When the connecting rod 3 is installed biaxially on the rotator 2, the connecting rod is biaxially connected to the left and right output shafts installed at the lower part of the rotator 2, and the connecting rod 3 is connected to the rotator 2. When installing 3) in three axes, install the connecting rod in three axes on all three output shafts installed in the lower part of the rotator.

In addition, a multi swivel 6 is connected to each of the output shafts 21 of the rotator 2, and one or more connecting rods 3 are connected to each of the multi swivels 6 vertically in a vertical direction. The lower end of the connecting rod (3) assembled by the lower end of the stirring rod (41) is connected to the stirring rod (4) is formed in multiple stages, and the lower end of the stirring rod (4), the excavating rod (5) Connected.

The multi swivel 6 is composed of an inner cylinder 61 and an outer cylinder 62, as shown in Figure 4, the inner cylinder 61 is directly connected to the output shaft 21 of the rotator 2 It is installed to enable the rotation operation, the outer cylinder 62 is installed in a structure that is supported by the guide rod 15 of the leader 12 to be rotatable while rotatably surrounding the inner cylinder 61, and also Between the inner and outer cylinders 61 and 62 is provided with a plurality of packing members 63 having a "V" shape in cross section, and the packing member 63 has a pneumatic pressure even though the inner cylinder 61 rotates.
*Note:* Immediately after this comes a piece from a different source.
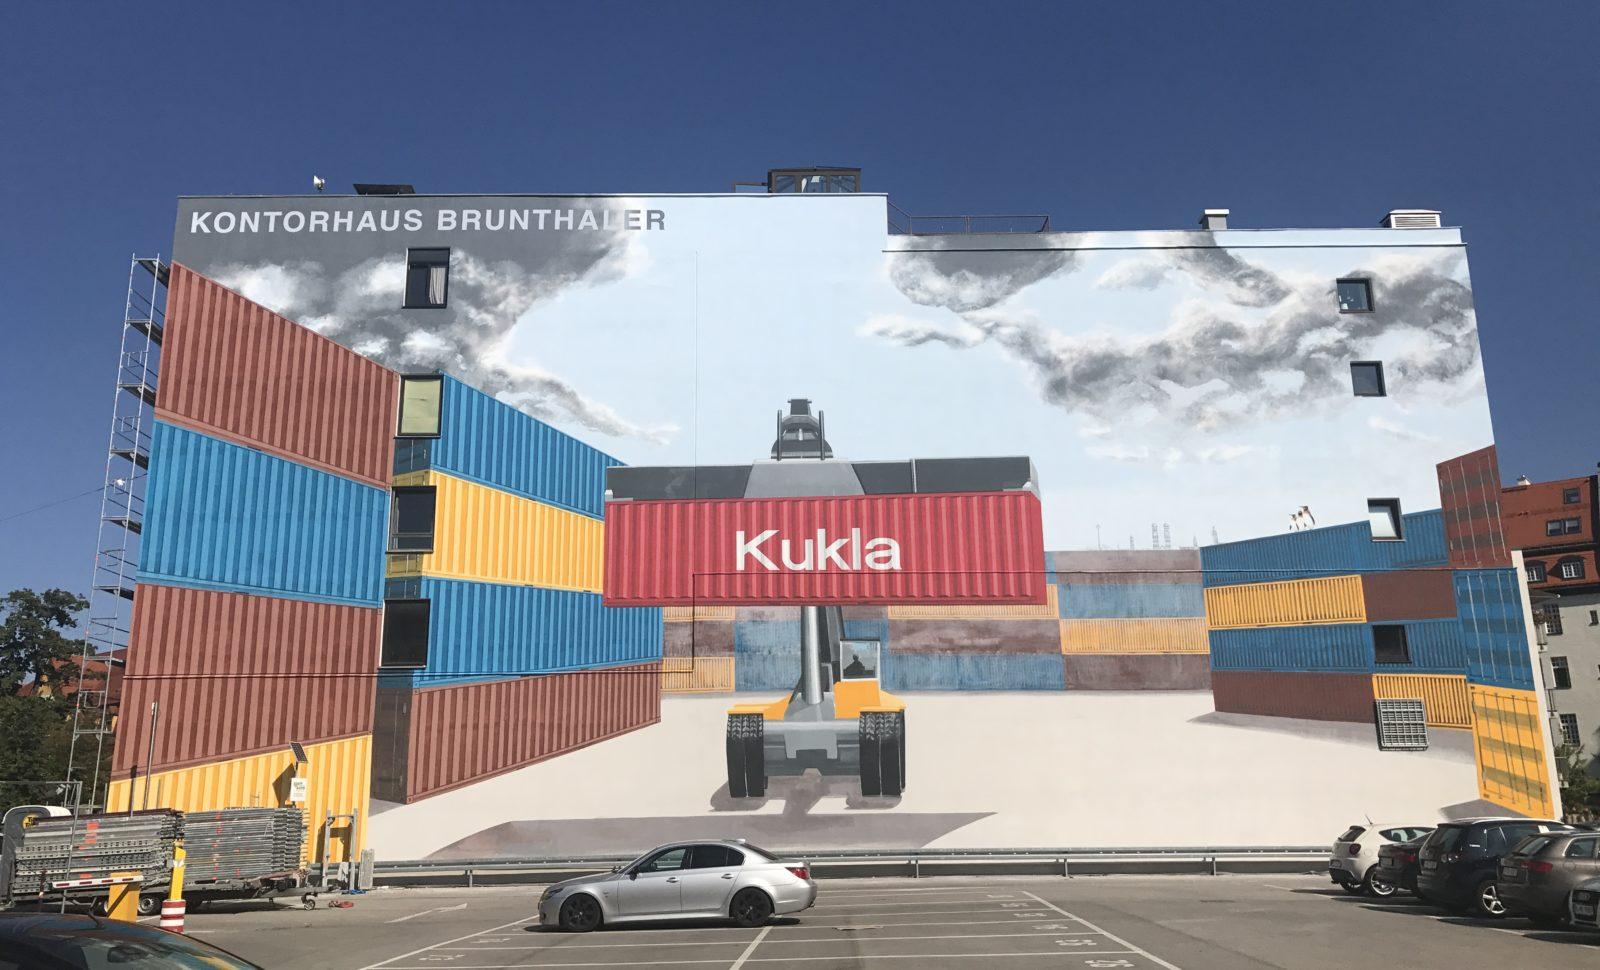 Logistikdienstleister: Kukla macht Logistik zur Kunst
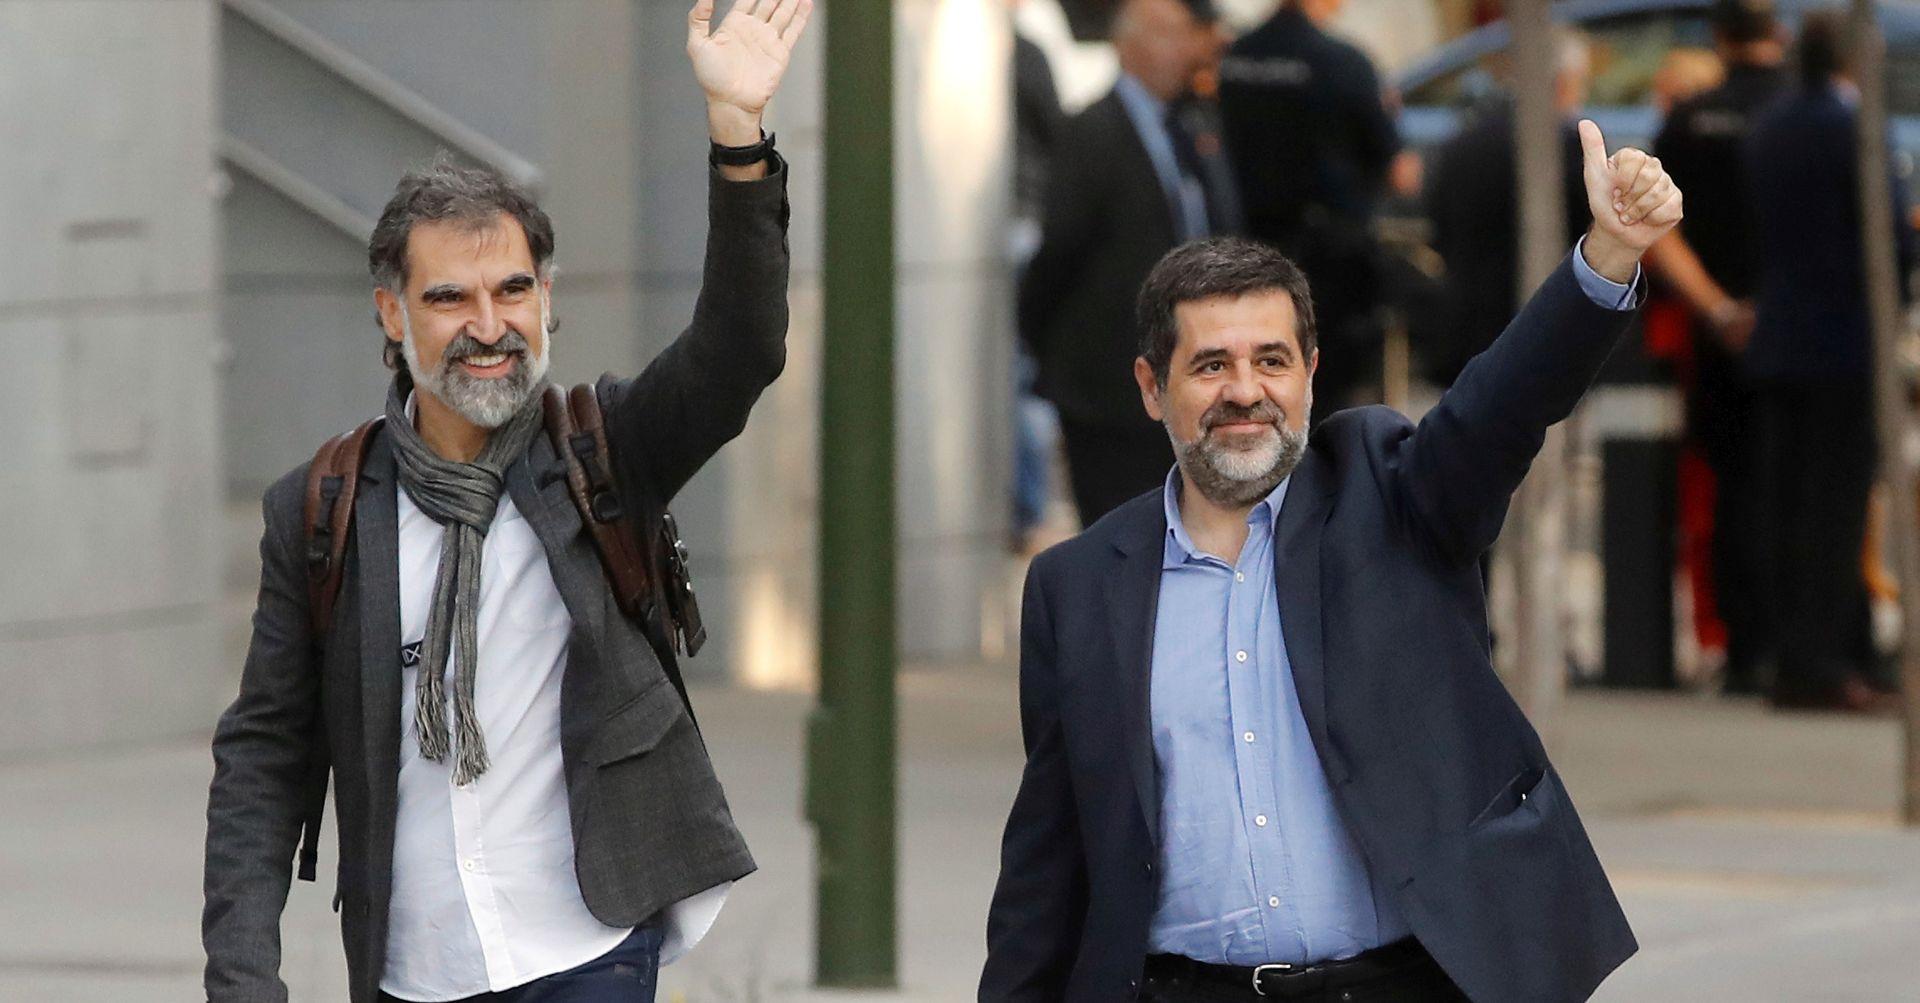 Španjolski Visoki sud pritvorio dva katalonska separatistička čelnika

Airtightness is maintained to prevent leakage of fluid pressure and the like.

A central passage 64 penetrating up and down is formed at the inner center of the inner cylinder 61 of the multi swivel 6, and the upper end is closed and the lower end is open from the first to the center passage 64. The fourth passages 64a to 64d are formed, and the first to fourth injection ports 65a to 65d are provided on the outer circumference of the outer cylinder 62 to maintain a constant interval up and down.

Each of the first to fourth passages 64a to 64d and the first to fourth injection holes 65a to 65d is formed between the outer circumferential surface of the inner cylinder 61 and the inner circumferential surface of the outer cylinder 62. Four annular grooves 66a to 66d are connected to each other.

And the upper end of the multi swivel (6) is formed with a male joint (67: male joint) is detachably connected to each of the output shaft 21 of the rotator (2), the lower end of the connecting rod (3) The female joint (68: female joint) is detachably connected to the upper end of the).

The first injection hole (65a) formed in the upper end of the outer cylinder 62 is supplied with pneumatic pressure when the excavating rod (5) in the basement, and when drawing the excavating rod (5) in the basement, such as a fastener Medicine is supplied. The remaining second to fourth inlets 65b to 65d supply only pneumatic pressure regardless of whether the drilling rod is inserted underground or drawn out underground, and in the case of the central passage 64, the drilling rod is introduced underground. In this case, nothing is supplied and cement mortar is supplied from the beginning of the excavation rod under drawing operation. The cement mortar supplied to the central passage 64 is supplied with a suitable amount of a binder. .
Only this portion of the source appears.